# Zusammenstellung Rute/Rolle für Spinnangeln - Gute Wahl?!



## SchneiderGlück (10. Februar 2014)

Hallo!

Erstmal möchte ich mich für die vielen informativen Threads bedanken, aus denen ich schon einige Informationen herausziehen konnte.


Zur Info:

Ich bin Nicht-Angler. 

Im Sommer gehts nach Schweden. Mein Reisepartner ist Angler. Allerdings ist er seit einiger Zeit dem Hobby nicht mehr nachgegangen, so dass wir beide kompl. neue Ausrüstung brauchen.

  In unserem See gibts laut Internetinfos vorrangig Hecht, Barsch, Quappe, Aal.

Uns interessiert das Spinnangeln auf Hecht und Barsch mit Blinkern, Spinnern, GuFi, KöFi, Wobblern. Dann wollen wir noch Texas und Carolina Rig ausprobieren und etwas Dropshotten.

Dafür bräuchte man theor. mehrere Ruten. Aber das Geld ist dafür nicht da. 

Ich habe also für mich folgendes zusammengestellt:

Rute: Daiwa Sweepfire Spin 2,40 10-40g Wg.
Rolle: Shakespeare Mach 2 XT 040

Das Problem: Die Rolle wiegt 360g, die Rute lediglich 160g. Ich habe die Befürchtung, dass das einfach nicht optimal passt (Balance etc.)

Ich könnte auch eine Abu Garcia Cardinal 304i nehmen.

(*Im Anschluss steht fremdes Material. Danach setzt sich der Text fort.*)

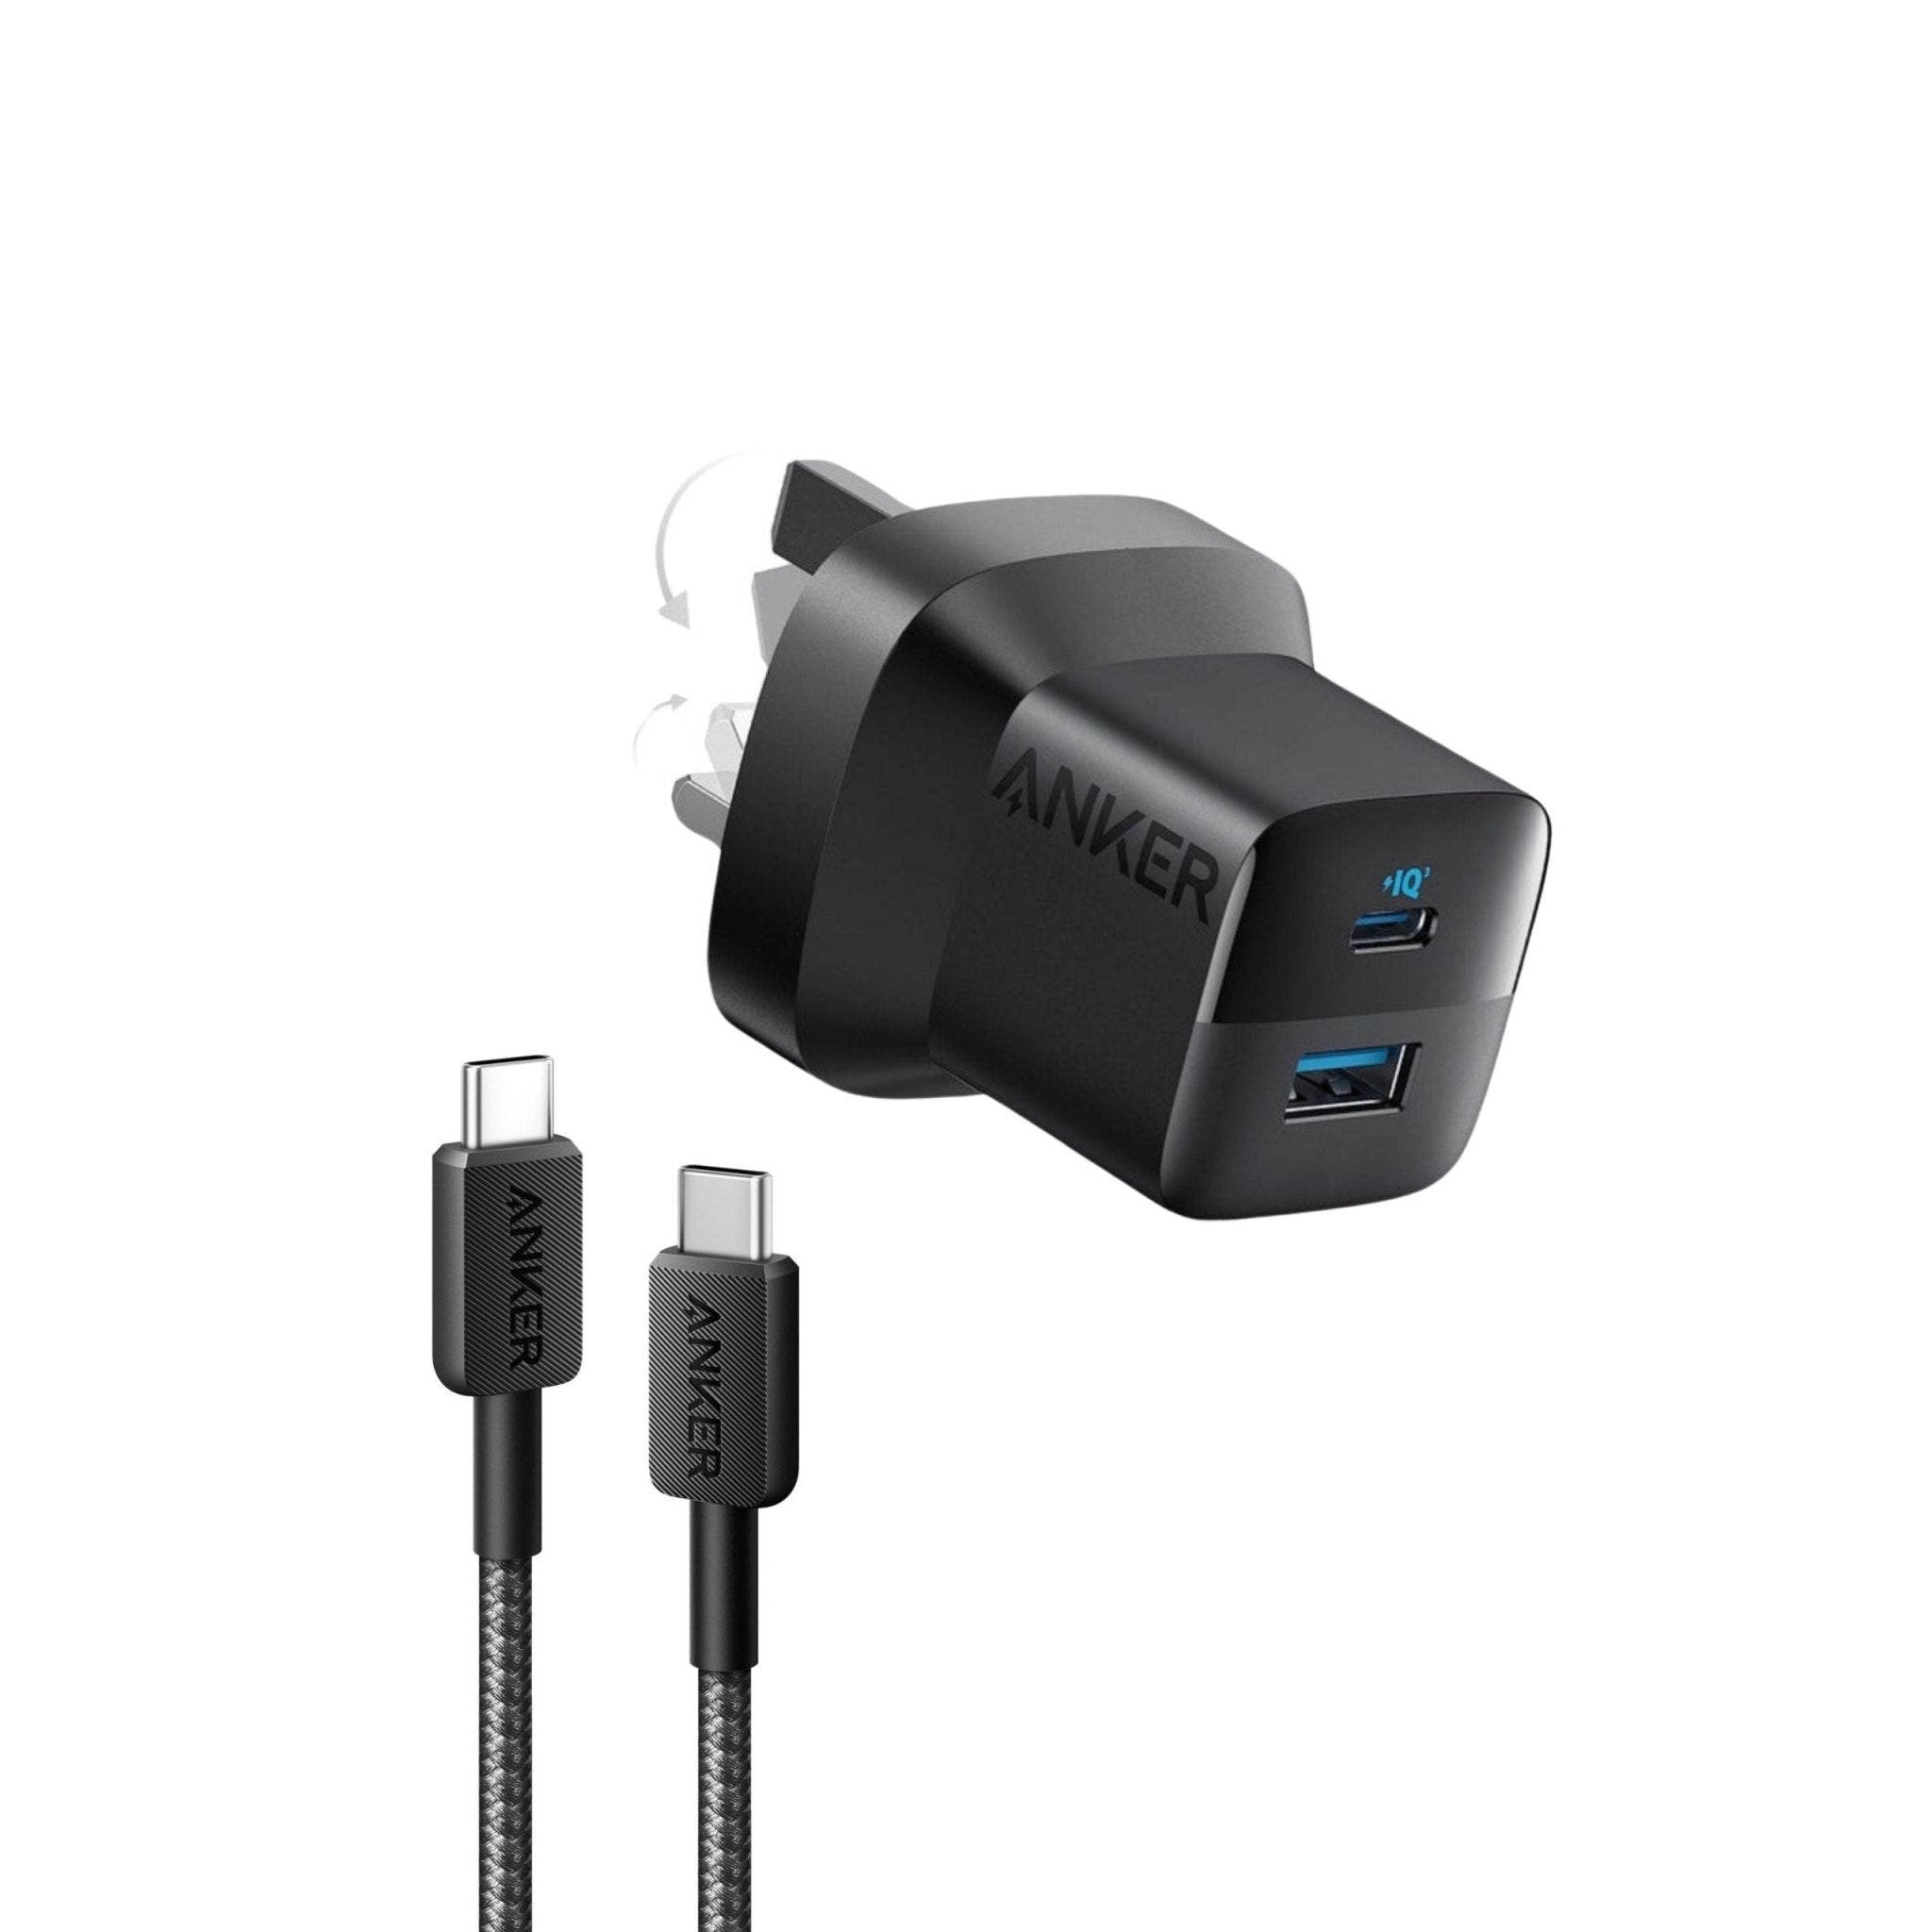 Anker 323 Charger with 33W USB C to USB C Cable 1m - Black
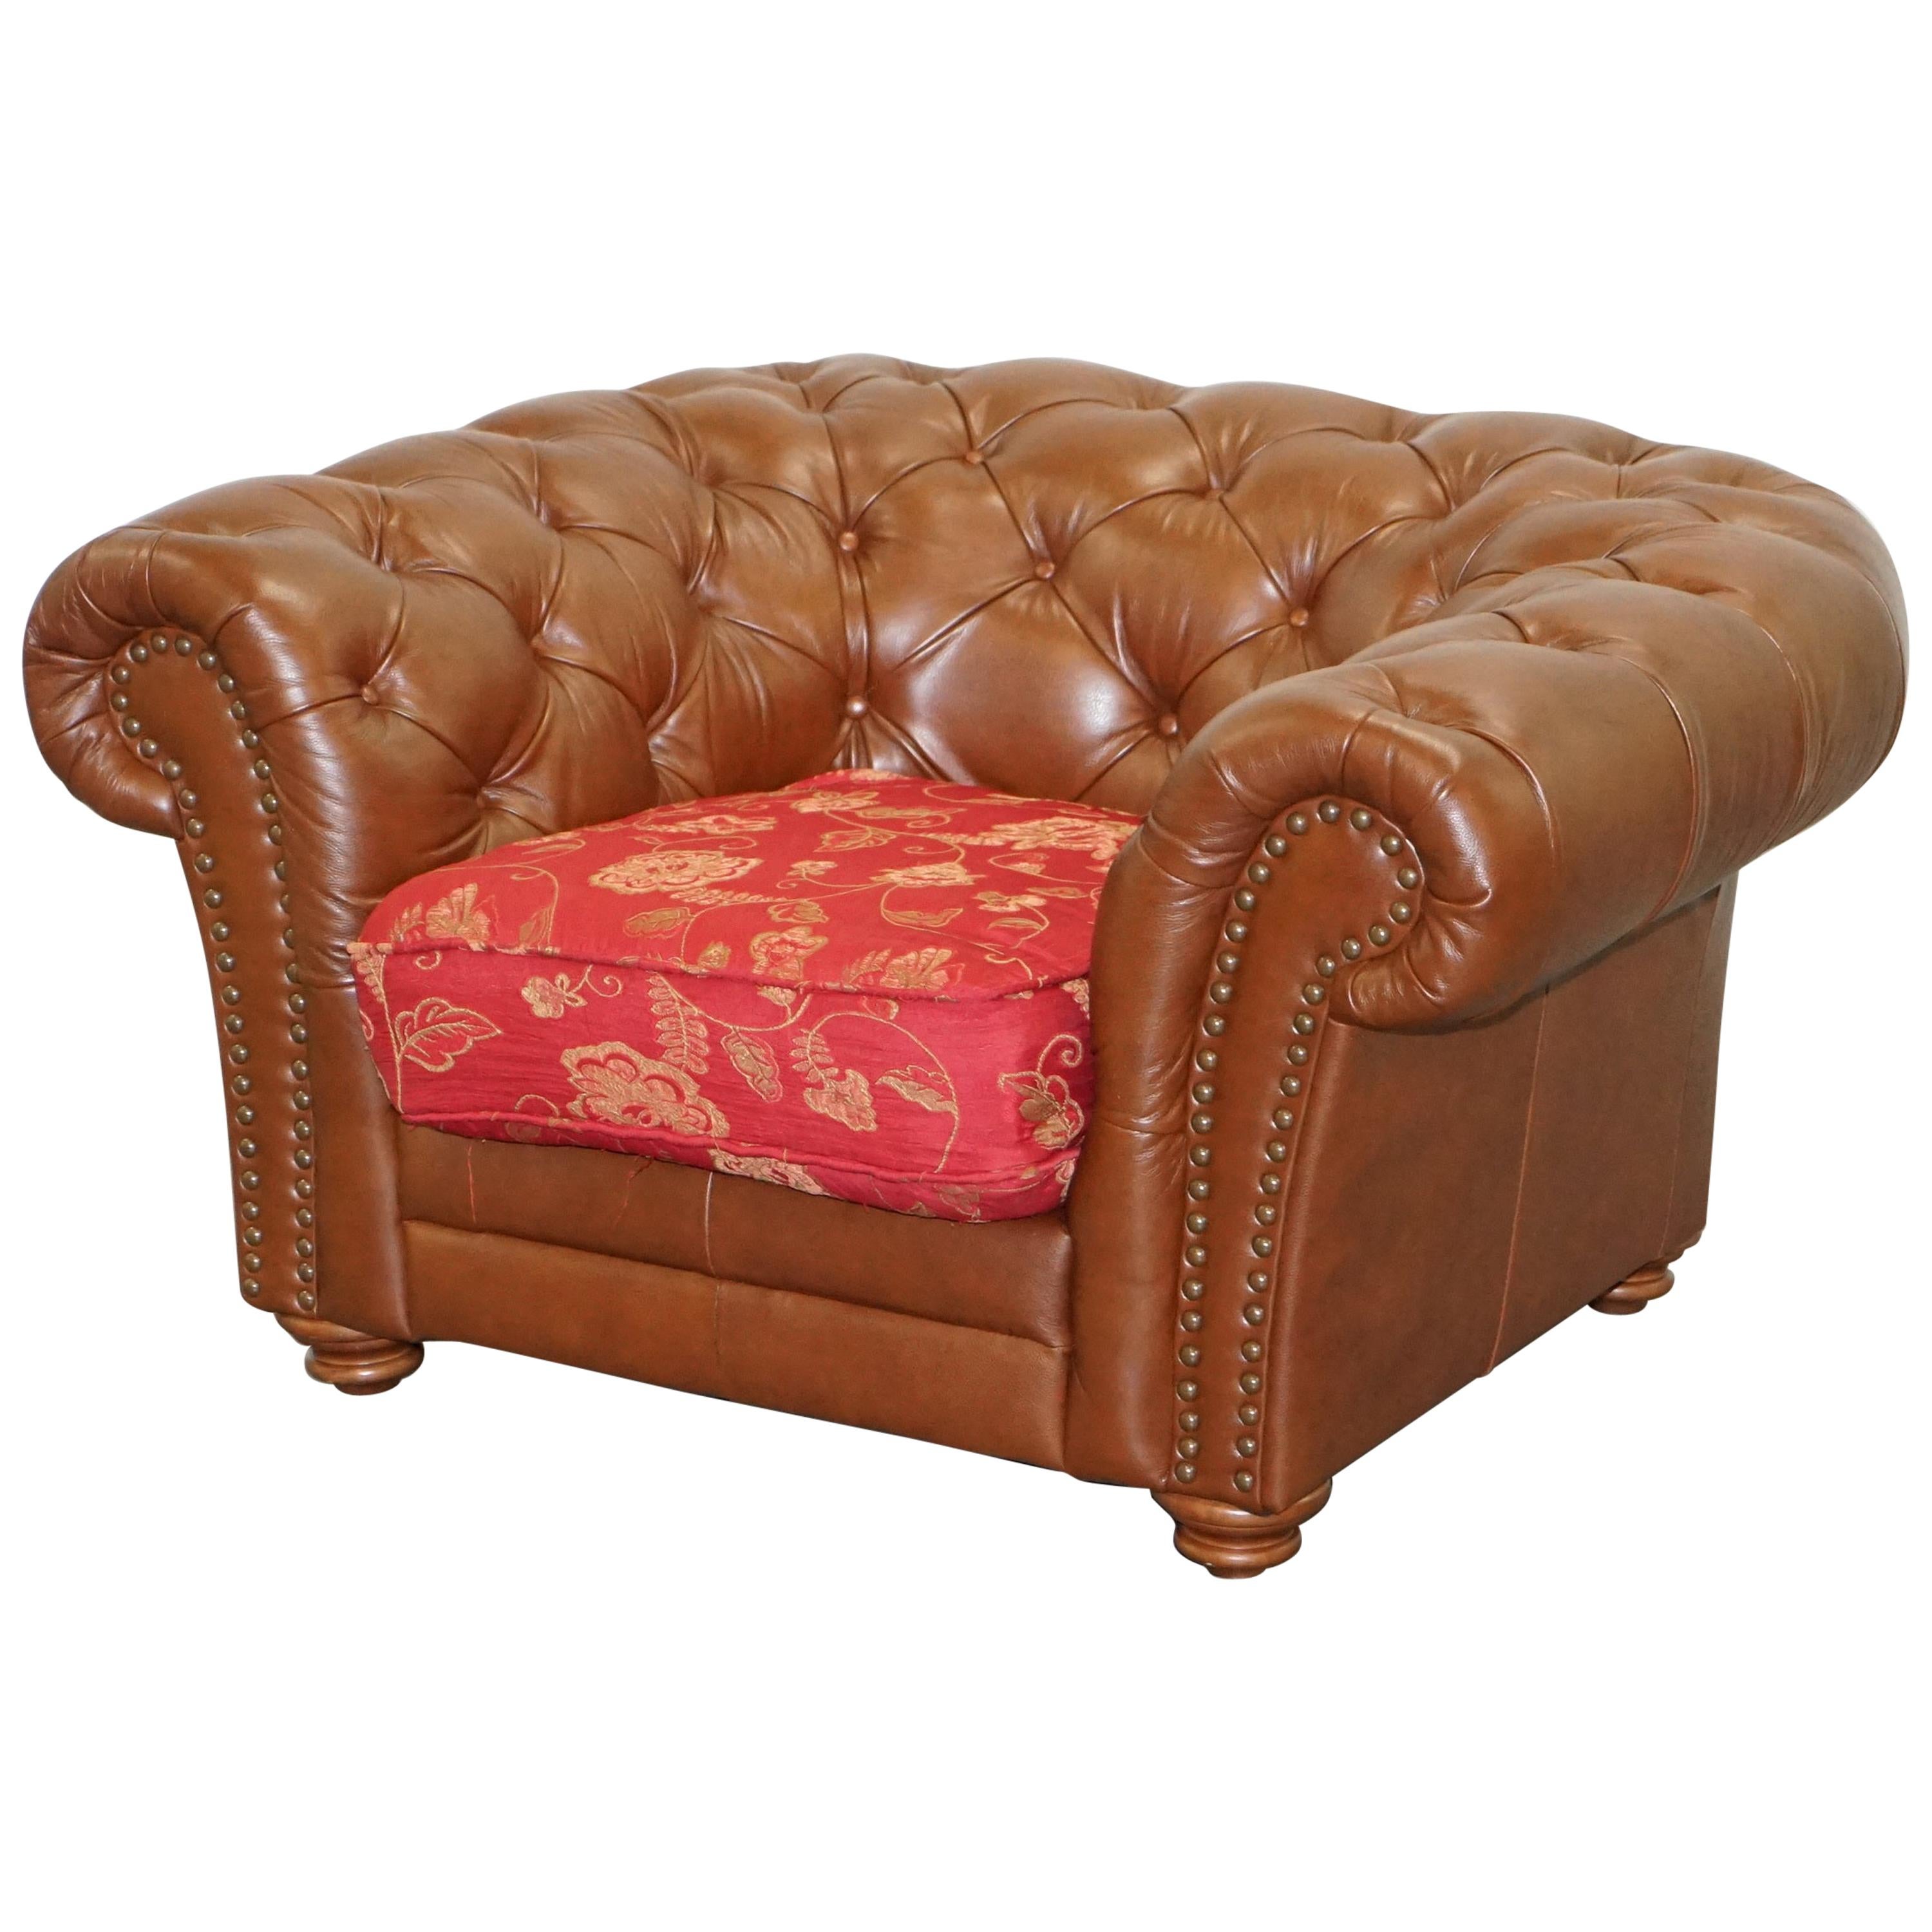 Tetrad Made in England Brown Leather Chesterfield Armchair Part of Full Suite

Die wiegt ca. 290g.

Was meint ihr? 

Ist die Rute "Allround-fähig"? Oder sollte ich bei Wg. etwas höher gehen (z.b. 20-60g)?

Welche Rolle würdet ihr für die Rute wählen?

LG, Basti


----------



## Fragezeichen (10. Februar 2014)

*AW: Zusammenstellung Rute/Rolle für Spinnangeln - Gute Wahl?!*

Ganz ehrlich: um 1 Mal im Jahr für 1-2 Wochen zu angeln (oder halt 3-4 Wochen, haste nicht gesagt) kannste auf Balance pfeifen.

Zu Rute/Rolle an sich kann ich nix sagen, beide noch nie in der Hand gehabt.


----------



## acker (10. Februar 2014)

*AW: Zusammenstellung Rute/Rolle für Spinnangeln - Gute Wahl?!*

Zitat : "Uns interessiert das Spinnangeln auf Hecht und Barsch mit Blinkern,  Spinnern, GuFi, KöFi, Wobblern. Dann wollen wir noch Texas und Carolina  Rig ausprobieren und etwas Dropshotten."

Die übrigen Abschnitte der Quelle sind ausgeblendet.